Data extracted from a collection:
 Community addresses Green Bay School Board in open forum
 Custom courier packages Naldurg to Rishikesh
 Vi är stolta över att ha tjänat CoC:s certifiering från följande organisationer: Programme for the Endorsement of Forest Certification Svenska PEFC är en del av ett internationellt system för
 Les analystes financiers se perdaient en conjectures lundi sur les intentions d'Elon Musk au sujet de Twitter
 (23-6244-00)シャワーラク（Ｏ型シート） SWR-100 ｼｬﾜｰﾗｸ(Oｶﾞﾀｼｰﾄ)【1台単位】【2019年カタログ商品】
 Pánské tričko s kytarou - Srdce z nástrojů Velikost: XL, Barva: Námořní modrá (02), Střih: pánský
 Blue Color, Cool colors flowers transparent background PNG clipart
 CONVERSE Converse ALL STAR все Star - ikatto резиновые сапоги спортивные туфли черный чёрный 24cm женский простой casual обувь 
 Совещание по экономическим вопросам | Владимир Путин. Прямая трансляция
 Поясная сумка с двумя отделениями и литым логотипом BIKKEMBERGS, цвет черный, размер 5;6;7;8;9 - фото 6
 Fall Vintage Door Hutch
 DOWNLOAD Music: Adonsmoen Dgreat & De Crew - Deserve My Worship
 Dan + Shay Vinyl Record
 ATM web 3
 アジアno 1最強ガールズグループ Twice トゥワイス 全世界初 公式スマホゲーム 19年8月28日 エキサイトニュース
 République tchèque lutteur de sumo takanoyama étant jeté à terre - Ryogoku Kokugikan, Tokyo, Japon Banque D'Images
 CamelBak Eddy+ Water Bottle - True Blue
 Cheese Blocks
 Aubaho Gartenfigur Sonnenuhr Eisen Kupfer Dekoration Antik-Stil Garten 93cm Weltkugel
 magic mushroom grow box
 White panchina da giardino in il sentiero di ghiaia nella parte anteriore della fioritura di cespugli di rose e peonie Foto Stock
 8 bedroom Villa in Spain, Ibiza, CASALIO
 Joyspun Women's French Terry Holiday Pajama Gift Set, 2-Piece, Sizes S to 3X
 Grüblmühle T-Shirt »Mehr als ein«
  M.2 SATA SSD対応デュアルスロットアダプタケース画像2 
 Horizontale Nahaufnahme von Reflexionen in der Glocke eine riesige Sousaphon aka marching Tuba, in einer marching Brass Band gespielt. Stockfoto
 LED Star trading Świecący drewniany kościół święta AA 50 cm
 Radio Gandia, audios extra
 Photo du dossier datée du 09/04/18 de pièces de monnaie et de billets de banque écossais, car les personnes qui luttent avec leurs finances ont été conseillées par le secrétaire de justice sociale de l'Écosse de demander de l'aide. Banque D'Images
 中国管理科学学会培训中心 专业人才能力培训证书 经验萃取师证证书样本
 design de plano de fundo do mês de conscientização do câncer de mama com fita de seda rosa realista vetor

# Task goal
Your task is to transcribe each record faithfully and in full.

# Output of the task
 Community addresses Green Bay School Board in open forum
 Custom courier packages Naldurg to Rishikesh
 Vi är stolta över att ha tjänat CoC:s certifiering från följande organisationer: Programme for the Endorsement of Forest Certification Svenska PEFC är en del av ett internationellt system för
 Les analystes financiers se perdaient en conjectures lundi sur les intentions d'Elon Musk au sujet de Twitter
 (23-6244-00)シャワーラク（Ｏ型シート） SWR-100 ｼｬﾜｰﾗｸ(Oｶﾞﾀｼｰﾄ)【1台単位】【2019年カタログ商品】
 Pánské tričko s kytarou - Srdce z nástrojů Velikost: XL, Barva: Námořní modrá (02), Střih: pánský
 Blue Color, Cool colors flowers transparent background PNG clipart
 CONVERSE Converse ALL STAR все Star - ikatto резиновые сапоги спортивные туфли черный чёрный 24cm женский простой casual обувь 
 Совещание по экономическим вопросам | Владимир Путин. Прямая трансляция
 Поясная сумка с двумя отделениями и литым логотипом BIKKEMBERGS, цвет черный, размер 5;6;7;8;9 - фото 6
 Fall Vintage Door Hutch
 DOWNLOAD Music: Adonsmoen Dgreat & De Crew - Deserve My Worship
 Dan + Shay Vinyl Record
 ATM web 3
 アジアno 1最強ガールズグループ Twice トゥワイス 全世界初 公式スマホゲーム 19年8月28日 エキサイトニュース
 République tchèque lutteur de sumo takanoyama étant jeté à terre - Ryogoku Kokugikan, Tokyo, Japon Banque D'Images
 CamelBak Eddy+ Water Bottle - True Blue
 Cheese Blocks
 Aubaho Gartenfigur Sonnenuhr Eisen Kupfer Dekoration Antik-Stil Garten 93cm Weltkugel
 magic mushroom grow box
 White panchina da giardino in il sentiero di ghiaia nella parte anteriore della fioritura di cespugli di rose e peonie Foto Stock
 8 bedroom Villa in Spain, Ibiza, CASALIO
 Joyspun Women's French Terry Holiday Pajama Gift Set, 2-Piece, Sizes S to 3X
 Grüblmühle T-Shirt »Mehr als ein«
  M.2 SATA SSD対応デュアルスロットアダプタケース画像2 
 Horizontale Nahaufnahme von Reflexionen in der Glocke eine riesige Sousaphon aka marching Tuba, in einer marching Brass Band gespielt. Stockfoto
 LED Star trading Świecący drewniany kościół święta AA 50 cm
 Radio Gandia, audios extra
 Photo du dossier datée du 09/04/18 de pièces de monnaie et de billets de banque écossais, car les personnes qui luttent avec leurs finances ont été conseillées par le secrétaire de justice sociale de l'Écosse de demander de l'aide. Banque D'Images
 中国管理科学学会培训中心 专业人才能力培训证书 经验萃取师证证书样本
 design de plano de fundo do mês de conscientização do câncer de mama com fita de seda rosa realista vetor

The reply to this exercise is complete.